MATERIAL PROVIDED -
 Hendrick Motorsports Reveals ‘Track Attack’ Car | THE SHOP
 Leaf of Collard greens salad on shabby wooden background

...

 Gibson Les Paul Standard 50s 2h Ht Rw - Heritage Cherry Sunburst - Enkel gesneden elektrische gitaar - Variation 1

--

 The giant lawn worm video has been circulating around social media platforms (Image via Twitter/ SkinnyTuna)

WHAT YOU SHOULD DO - An exact, complete copy of the lines above from the one with "Hendrick Motorsports Reveals" through the one with "Leaf of Collard" is the whole answer.

TASK ANSWER -
 Hendrick Motorsports Reveals ‘Track Attack’ Car | THE SHOP
 Leaf of Collard greens salad on shabby wooden background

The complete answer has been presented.